Monday, 5 January 2009

Raja Petra quoting from Ajahn Brahm's two bad bricks

What a coincidence! Just as I had finished enthusing about Ajahn Brahm's book in my last blog item, my wife alerted me to a very recent story by Raja Petra Kamarudin (RPK) in his No Holds Barred column in Malaysia Today.

She mentioned that the title "Opening the door to your heart" sounded all too familiar to her and when she looked deeper into the article, Raja Petra was indeed quoting from Ajahn Brahm's book. Imagine...RPK quoting from a book written by a Buddhist monk. RPK is indeed a widely read man.
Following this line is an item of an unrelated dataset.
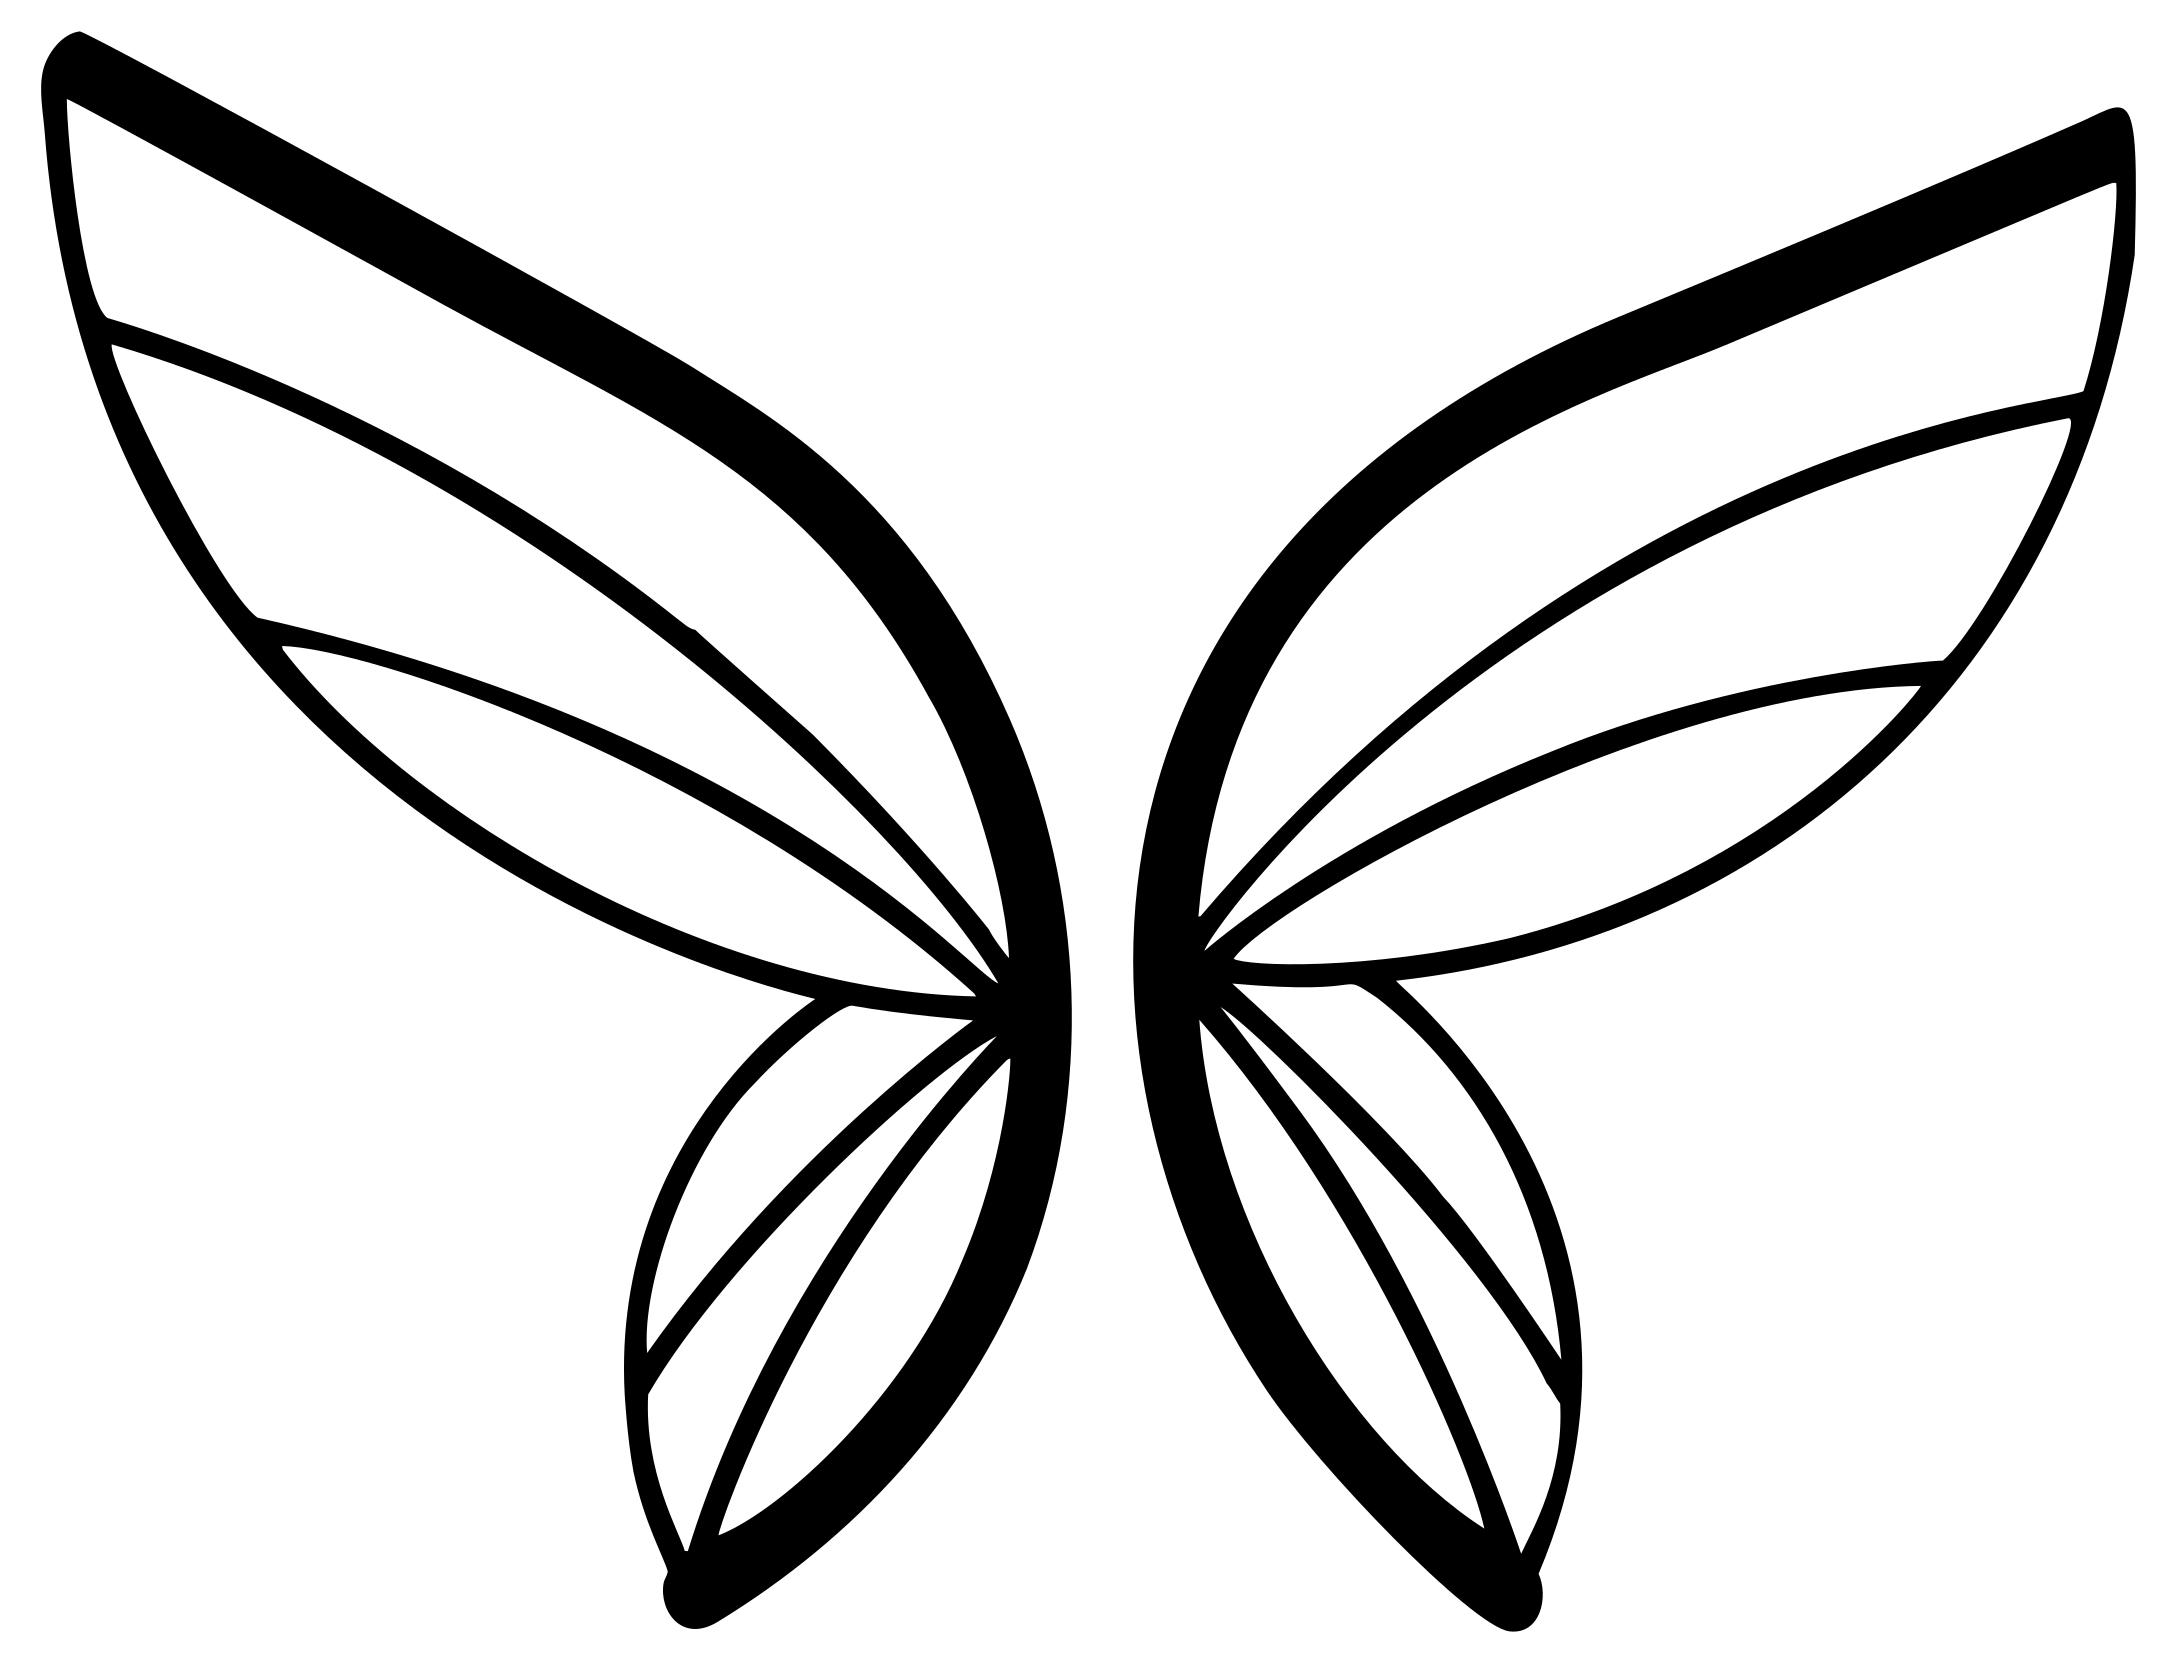 Abstract Butterfly Silhouette 2 Clipart - Design Droide

The story used by Raja Petra was Ajahn Brahm's narration of "two bad bricks". The lesson in this story is worth understanding. What the Bhante wanted to tell us was that we shouldn't let small mistakes cloud the good things in our lives. In his case, he laid two bad bricks in his wall of 1,000 bricks. But he couldn't get over it until someone told him that there were still 998 good bricks there. Would he want to destroy the 998 good bricks just to get rid of the two bad ones? Or to put it in another way, would the two bad bricks make the whole wall bad?
To quote from Ajahn Brahm's book: "How many people end a relationship or get divorced because all they can see in their partner are two bad bricks? How many of us become depressed or even contemplate suicide because all we can see in ourselves are two bad bricks? In truth, there are many, many more good bricks, perfect bricks - above, below, to the left and to the right of the faults - but at times we just can't see them. Instead, everytime we look, our eyes focus exclusively on the mistakes. The mistakes are all we see, they're all we think are there - and so we want to destroy them. And sometimes, sadly, we do destroy a very nice wall.

"We've all got our two bad bricks, but the perfect bricks in each one of us are much, much more than the mistakes. Once we see this, things aren't so bad. Not only can we live at peace with ourselves, inclusive of our faults, but we can also enjoy living with a partner. This is bad news for divorce lawyers, but good news for you."
BTW, I was amused by an interesting comment that someone made in Raja Petra's article. He said that Ajahn Brahm's name stood for (Buddhist, Roman Catholic, Anglican, Hindu and Muslim.